Provided material: Begin

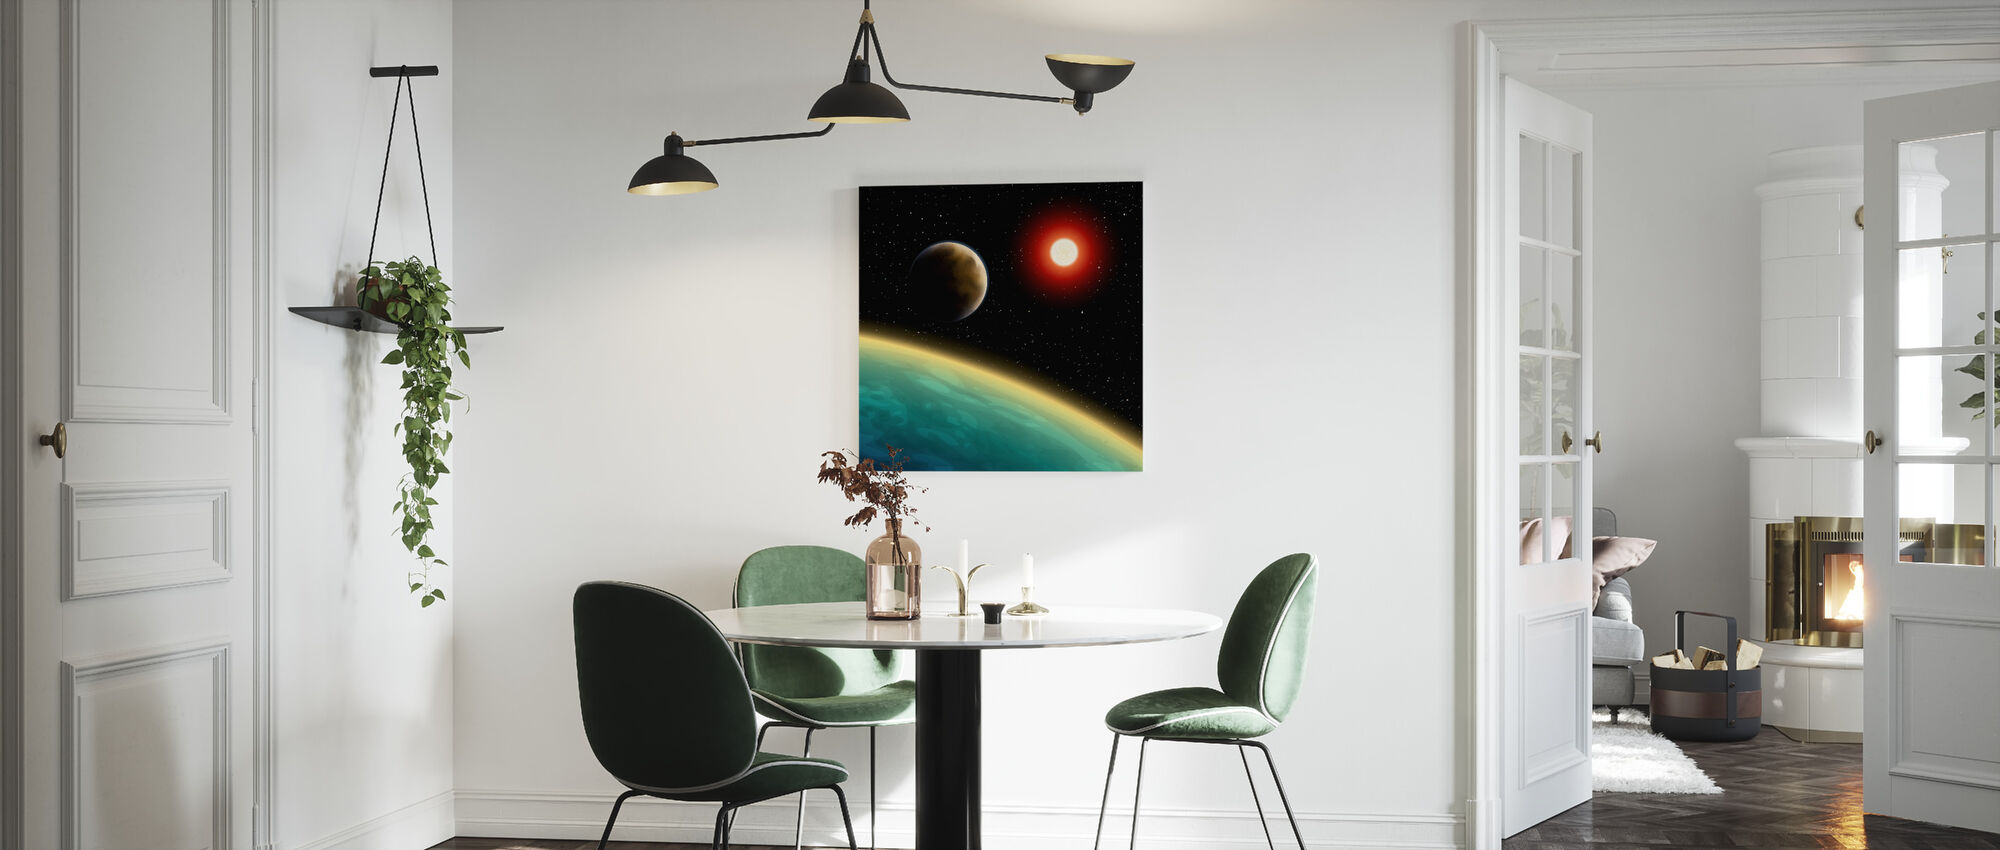 Starry Cosmos - Canvas print - Kitchen
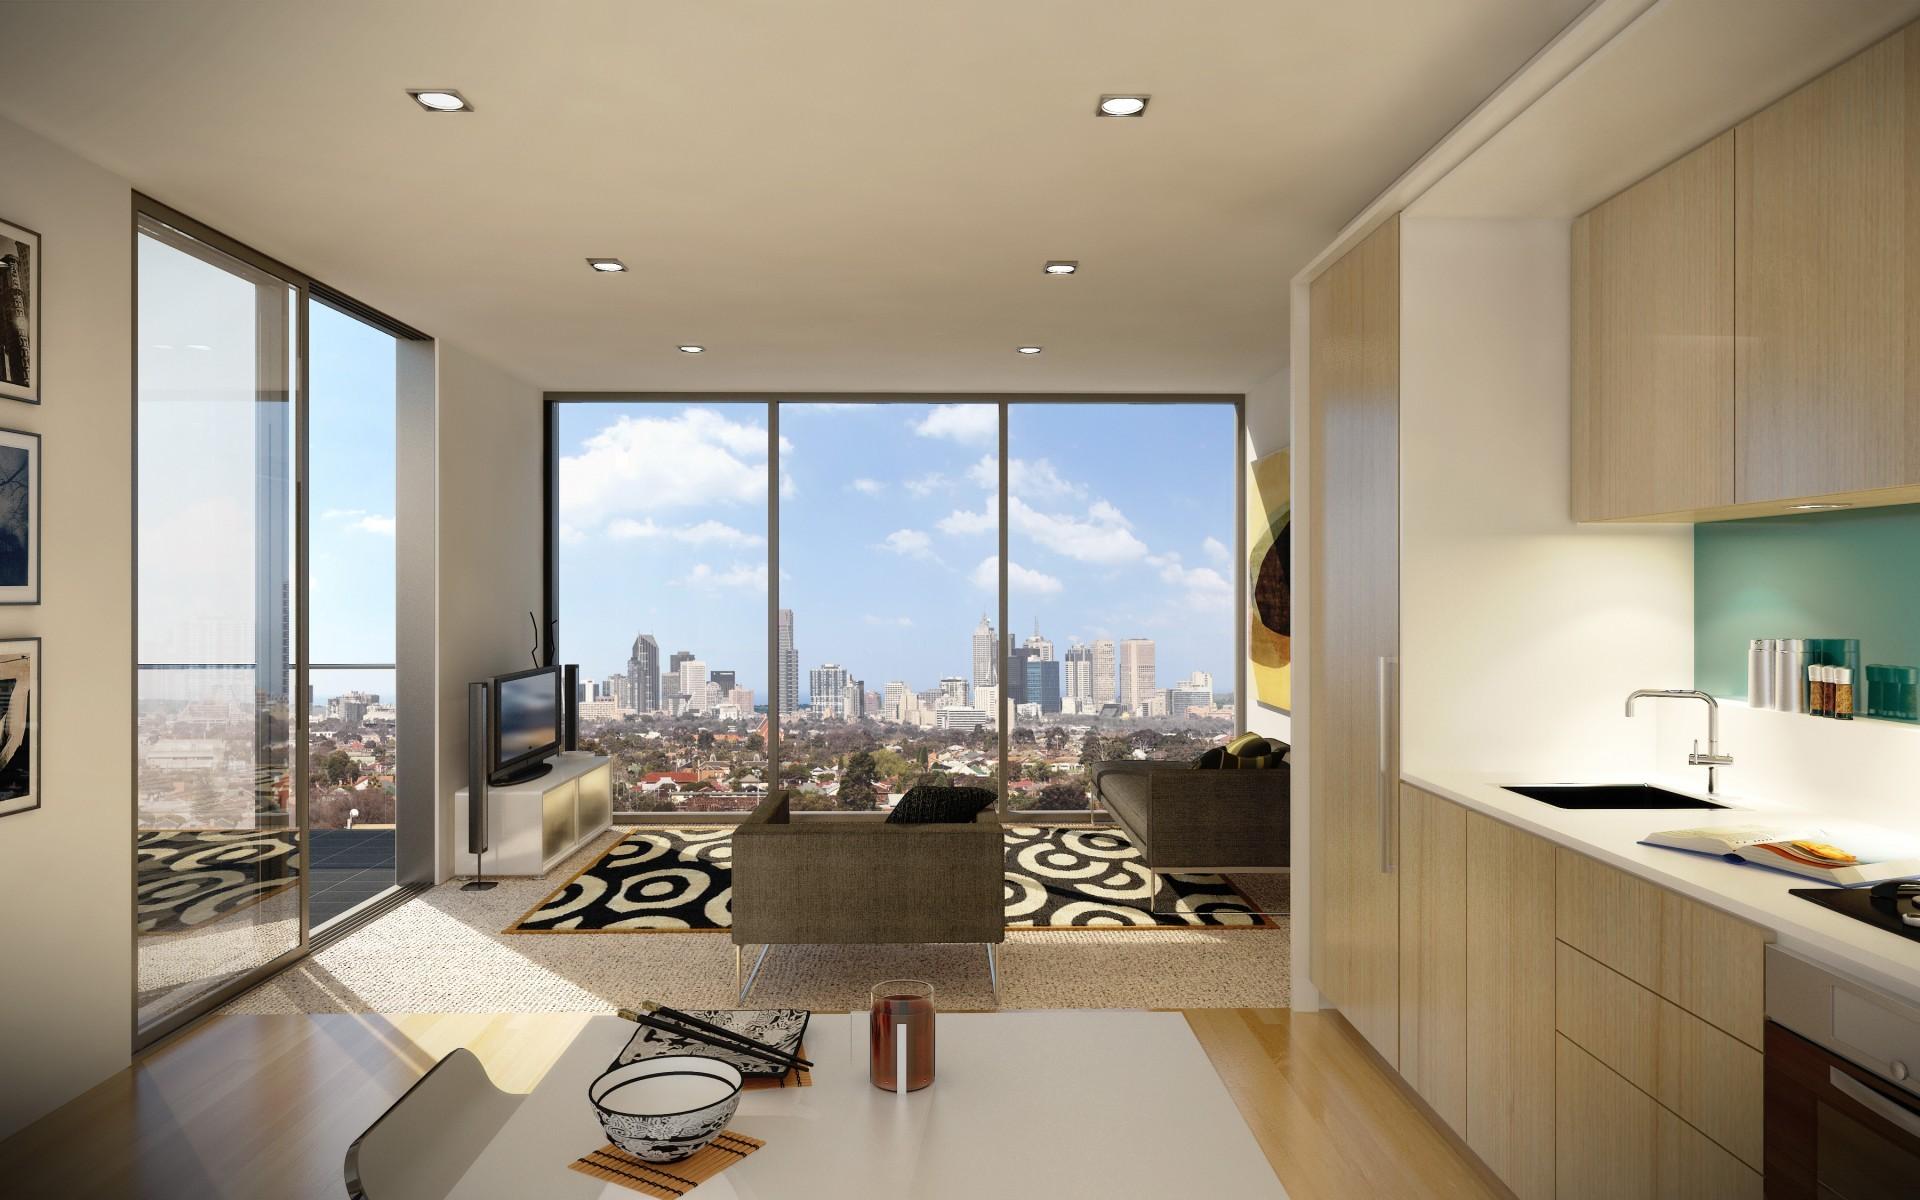 Fondos de pantalla habitaci n dise o de interiores - De salas inmobiliaria ...
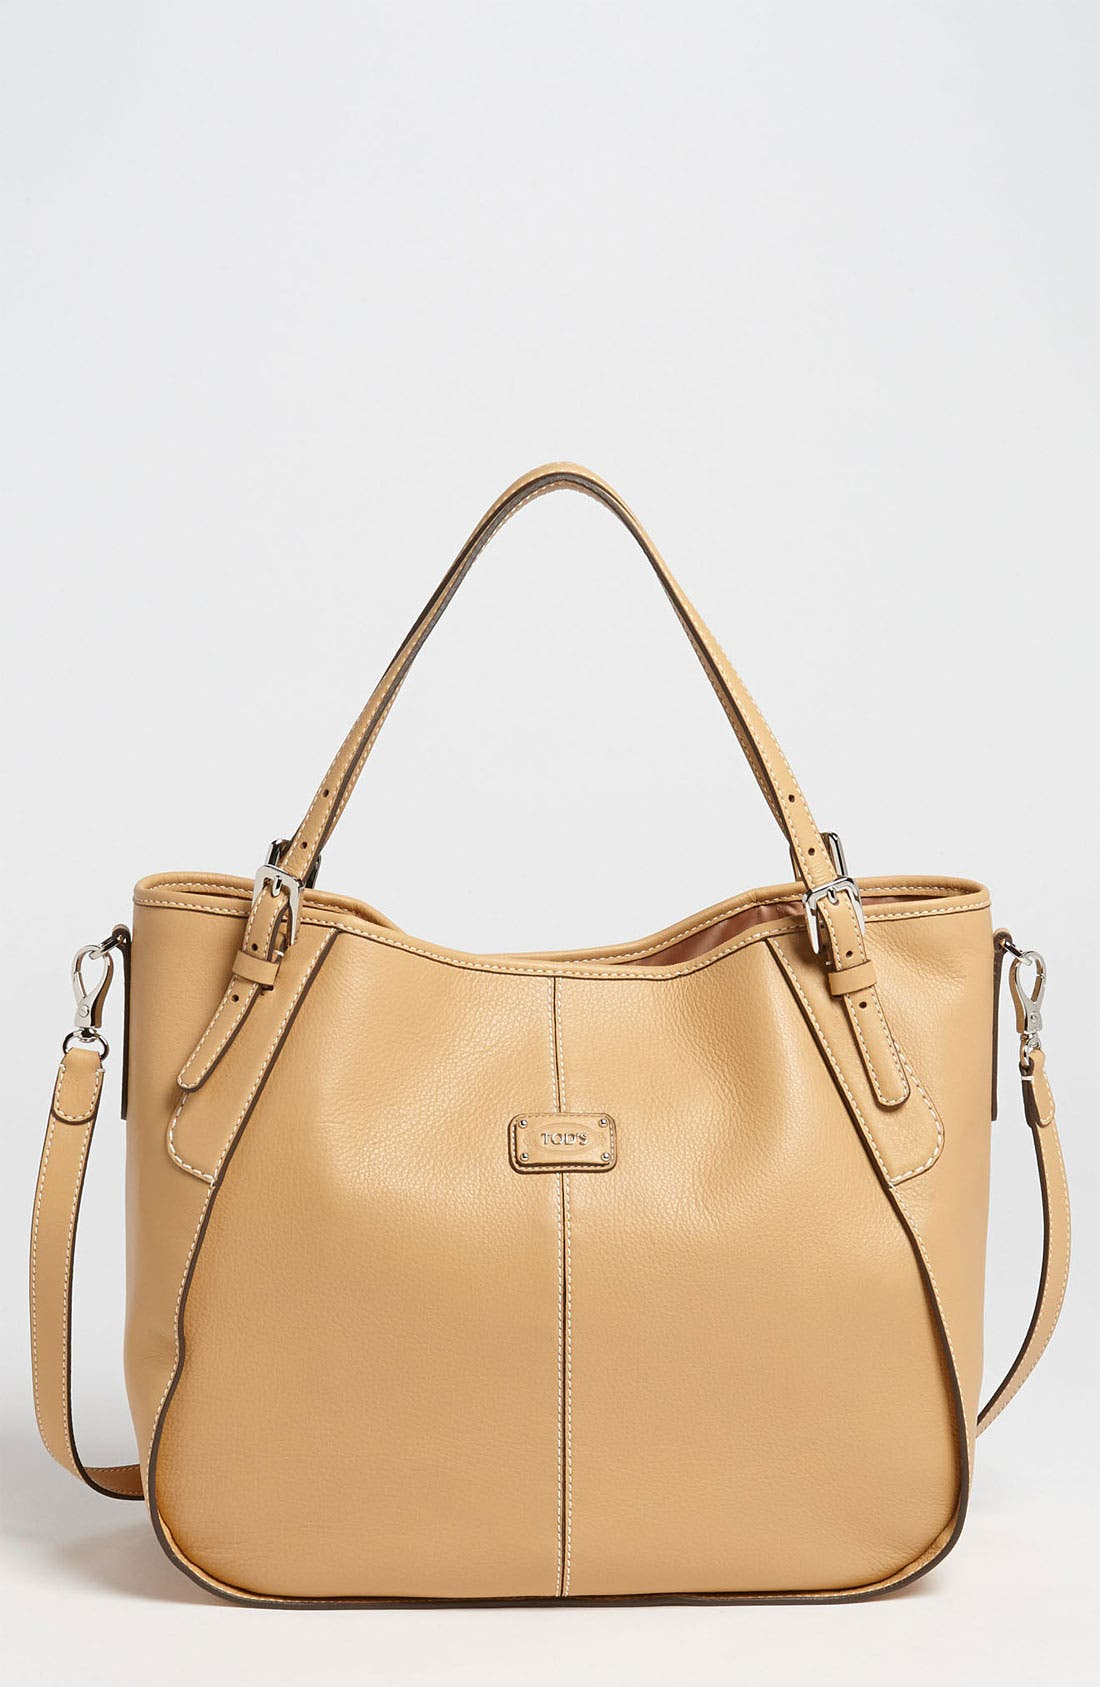 Main Image - Tod's 'New G - Medium' Leather Shoulder Bag

Provided material: End

◆ **Directions**
The pictures stay out; copy the rest of the data word for word.

◆ **Answer area**
 Starry Cosmos - Canvas print - Kitchen
 Fondos de pantalla habitaci n dise o de interiores - De salas inmobiliaria ...
 Main Image - Tod's 'New G - Medium' Leather Shoulder Bag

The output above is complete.